If anyone needs any info on the Little J, please call or email. I'll be happy to pass along any 'data'.
Aaron7_8June 5th, 2009, 3:50 pm
Helena Montana

Posts: 115
So many hurt feelings so little time.
MartinlfJune 6th, 2009, 12:59 pm
Palmyra PA

Posts: 3233
Note that Matt, a very experienced fisherman, who has privately helped a number of the regular members here once he got to know them, has now removed his posts.

Forums have been ruined by direct attacks like the ones in this thread. Debates can be healthy, and differences of opinion can help people rethink their ideas, but in a public forum directly and aggressively correcting someone typically only leads to ill will. And what good does this do for anyone?

I note that Rbpcaddis did not take offense at Matt's response to his question, and responded on his own behalf in a way intended to deescalate any ill will. It puzzles me why others decided to speak for him when he had already put the issue to rest.

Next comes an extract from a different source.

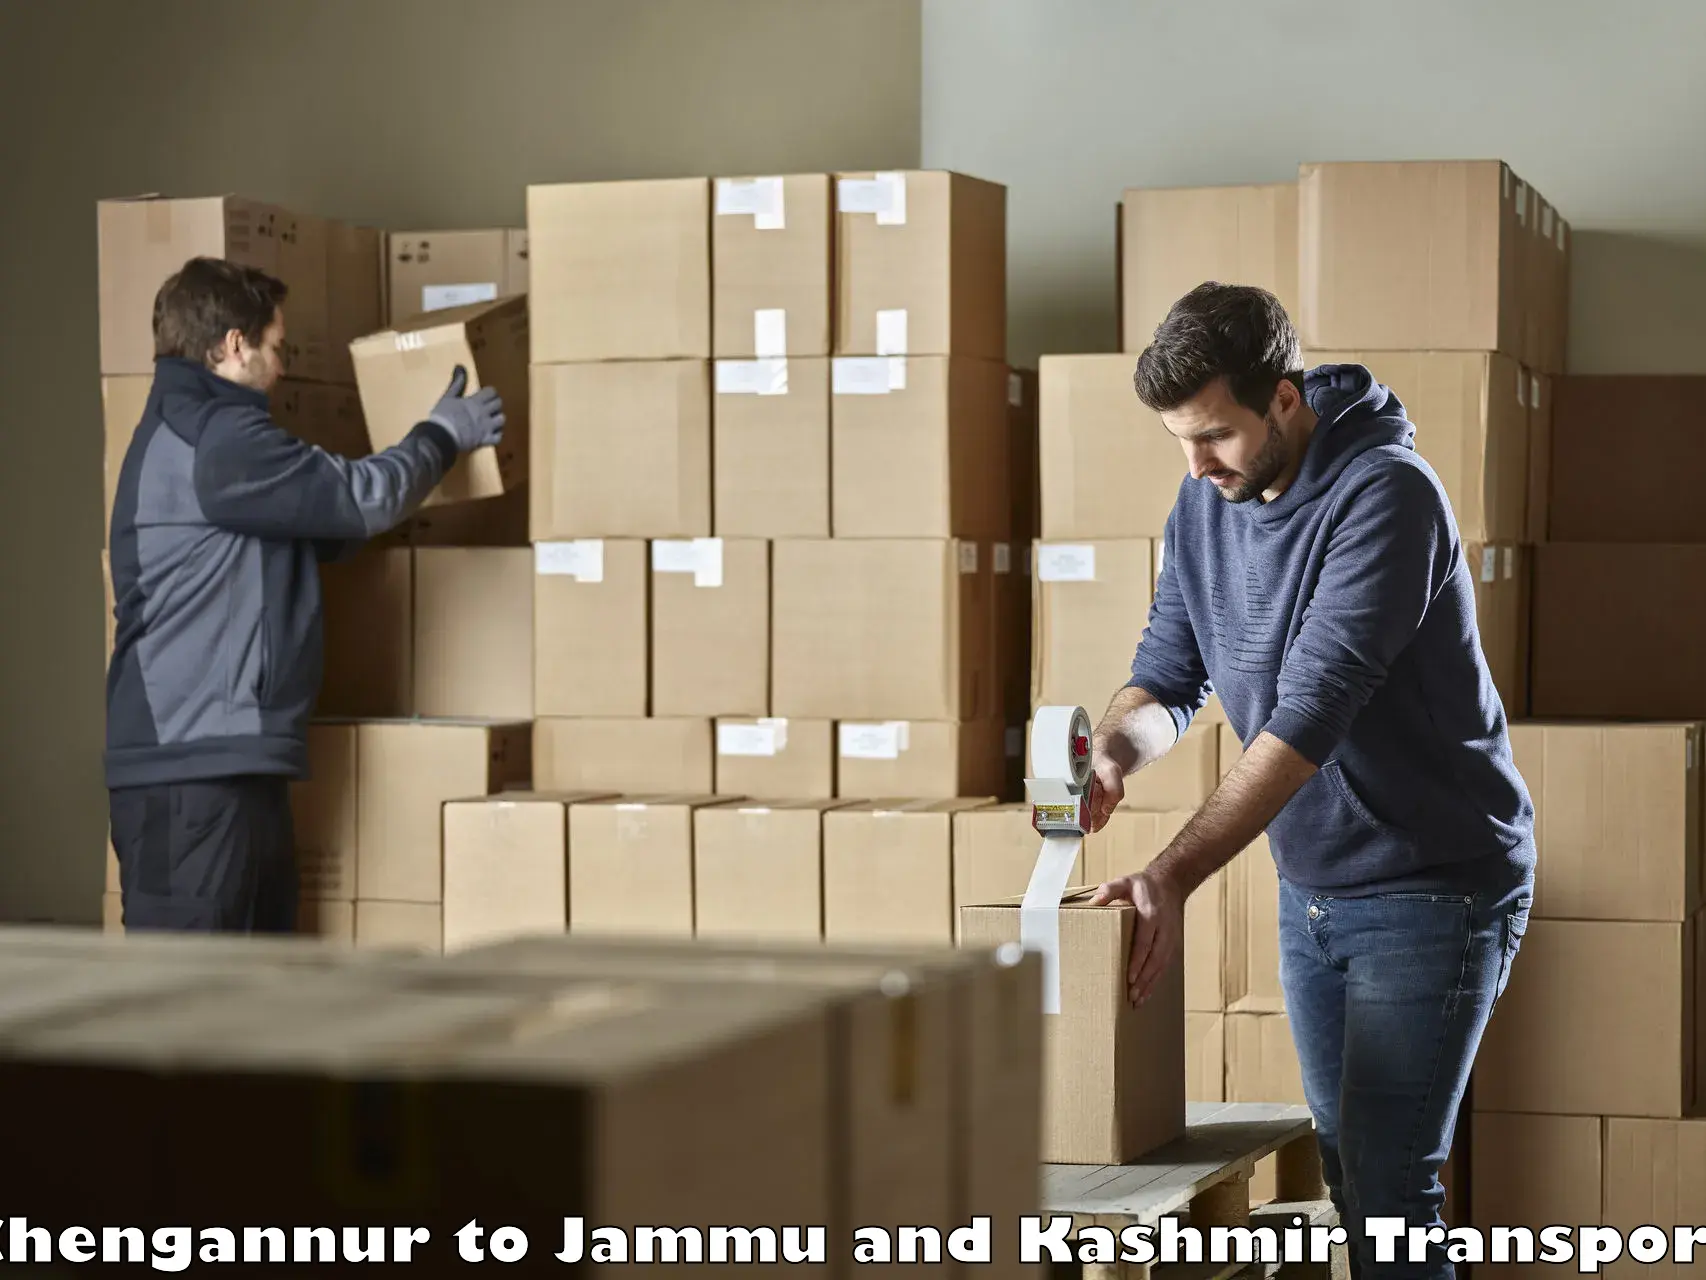 Luggage transport services in Chengannur to Baramulla

If any of the posters on this site have been attacked in a public forum, and I know some have, might it not be productive to consider what good came of it all, and to refrain from public attacks in the future? Some of the most long-standing and active members of this forum have told me that they are dismayed by the responses Matt got in this thread.
"He spread them a yard and a half. 'And every one that got away is this big.'"

--Fred Chappell
GONZOJune 6th, 2009, 1:45 pm
Site Editor
"Bear Swamp," PA

Posts: 1681
Thank you, Louis. As one of those long-standing and active members, I am now too embarrassed by this situation to remain silent. After all, I was the one who (innocently, I thought) asked Matt to report back on his trip.

I find it ironic that some who have contributed nothing (or next-to-nothing) to this forum felt compelled to criticize a frequent contributor for his lack of "sharing." We should all feel free to share whatever we choose to share and to pursue fly fishing at whatever level we enjoy. Unfortunately, it is also ironic that Matt was simultaneously accused of sharing too little and sharing too much. That is a no-win situation, and I hope that others will follow Shawn's lead and adjust their comments courteously.

All of the above is said against what may prove to be my better instincts, but I could not let Louis stand alone in voicing concern.
EricStroupJune 6th, 2009, 9:42 pm
Spruce Creek Pa

Posts: 11

How well do you have to know someone to help them?

What are the requirements? I gave a couple of guys some flies today, did I make a mistake? I didn't even get their names.
Louis, I didn't know you when I met you, I hope I didn't give any secrets away.
You guys are missing the boat. We need to be doing everything in our power to introduce people to this sport not drive them away with pretentious BS.
The Little J is my home water and I'm on it everyday. I want people to enjoy it and have success on it. The more people that have a favorable oppinion, the better. That is the very reason we got C&R regs on it.
Those of you who are good fishermen, do the sport a favor and help someone else become good. Success breeds long lasting sportsmen and eventually conservation minded stewards. If you're one of those people that became good at this endeavor, and don't want anyone else to be as good as you because it threatens your good time, go play golf, or checkers. Whatever you do, stay out of our streams. This sport is about the sharing of information and ideas, and about meeting people on the stream, as my wife and I did today, exchanging fly patterns. We didn't know anything about each other except for the fact that we all had fly rods and were trying to catch trout. What a great common bond.
This is a great sport that can last a life time, and NONE of us will ever have more answers than questions. So the next time you ask someone a question like, "What type of streamers were you throwing" and they don't want to answer you, maybe it's because the real question should have been, "Why were you throwing streamers during the peak hatch season?"